Poland’s prime minister, Mateusz Morawiecki, warned on Monday that there would be “no Polish consent” to allow anyone “to threaten us with a finger only because someone likes our government less”.

Senior diplomats hope the rule of law agreement will pass with the support of southern European governments and their MEPs. Italy, Spain and Greece, whose economies are among the hardest hit by the pandemic, would lose out from any delay to unlocking billions from the EU recovery plan.

An official said Germany’s rule of law proposal “very precisely implements the conclusions of the European council in July” by giving “a legal form to this hard-won and delicate European compromise”. They added: “What didn’t find the support of the heads of state and government at that time, will certainly not find it now.”

EU ambassadors will discuss the problem on Wednesday, but sources say the dispute could surface at a special EU leaders’ summit on Thursday and Friday, intended to focus on foreign policy crises neglected during the coronavirus pandemic.
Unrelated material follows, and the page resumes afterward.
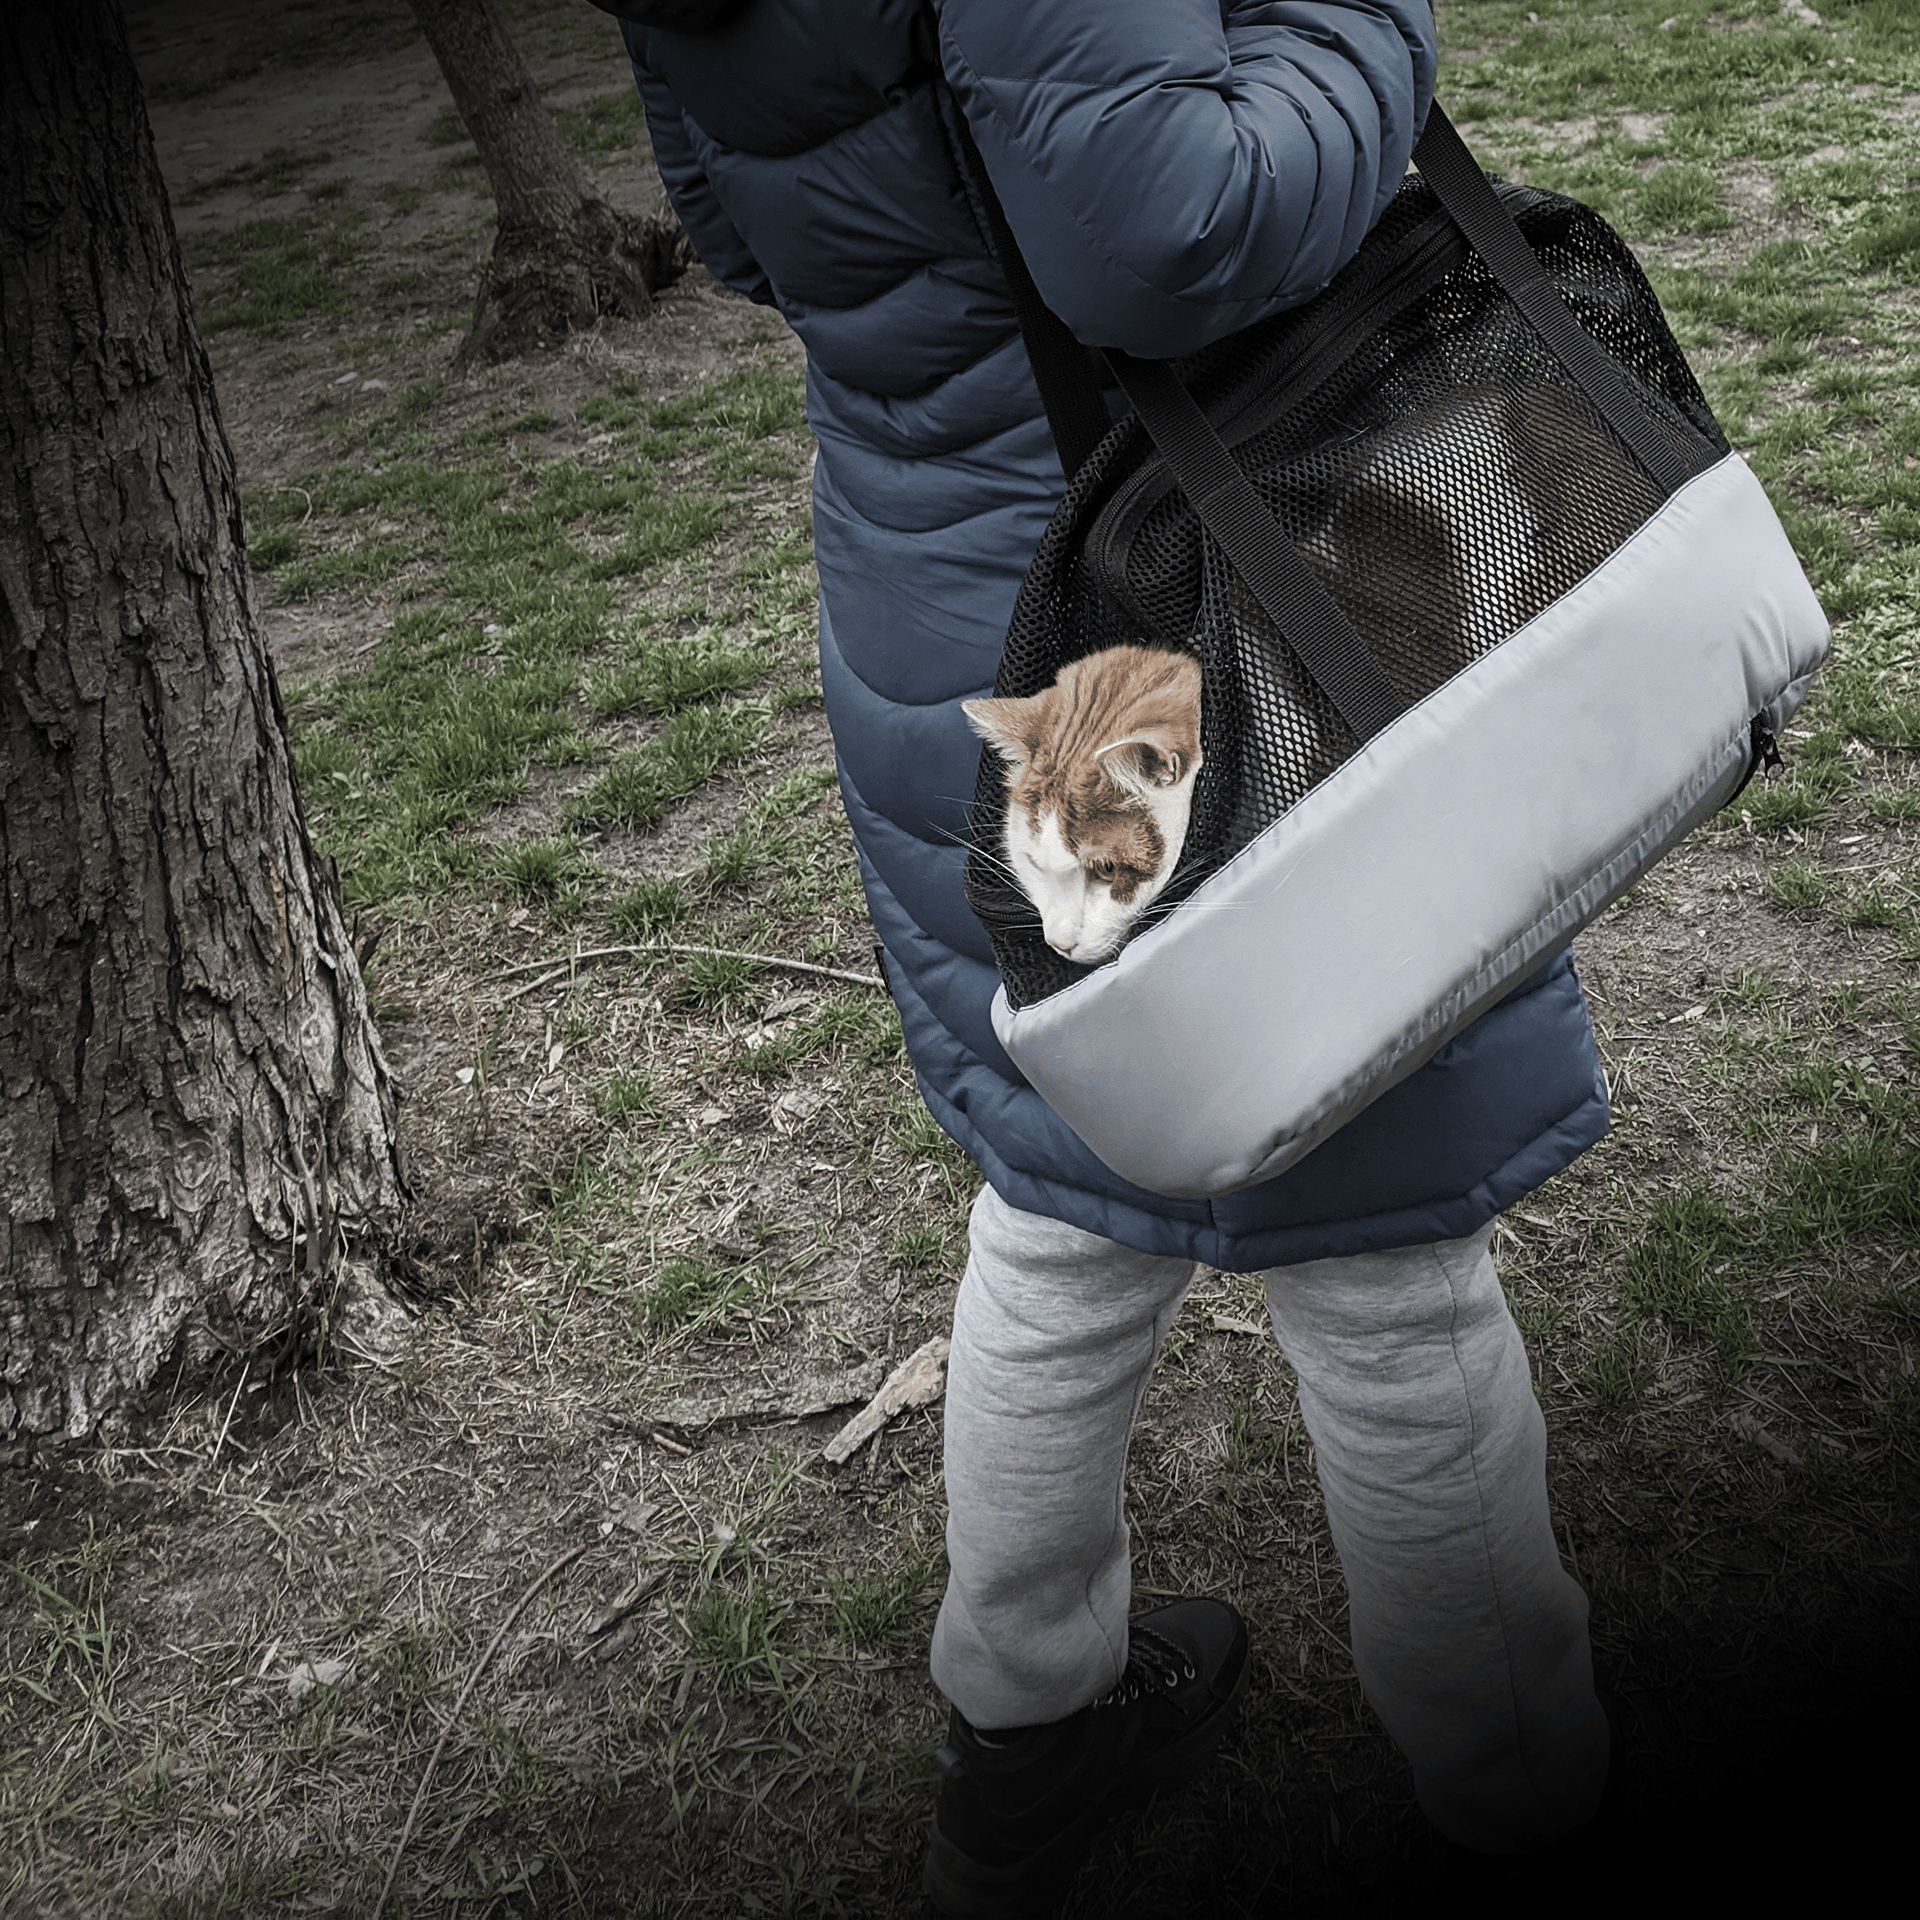 Kot schowany w torbie

Meanwhile Hungary’s government opened a new front against Brussels by calling for the resignation of Vĕra Jourová, the European commission president in charge of values, who recently described Hungarian democracy as “ailing”.

Orbán called for her resignation in a letter to the president of the European commission, Ursula von der Leyen, a demand dismissed by EU officials.

The commission, under Jourová’s stewardship, is expected to adopt a report assessing the rule of law in all 27 EU member states on Wednesday.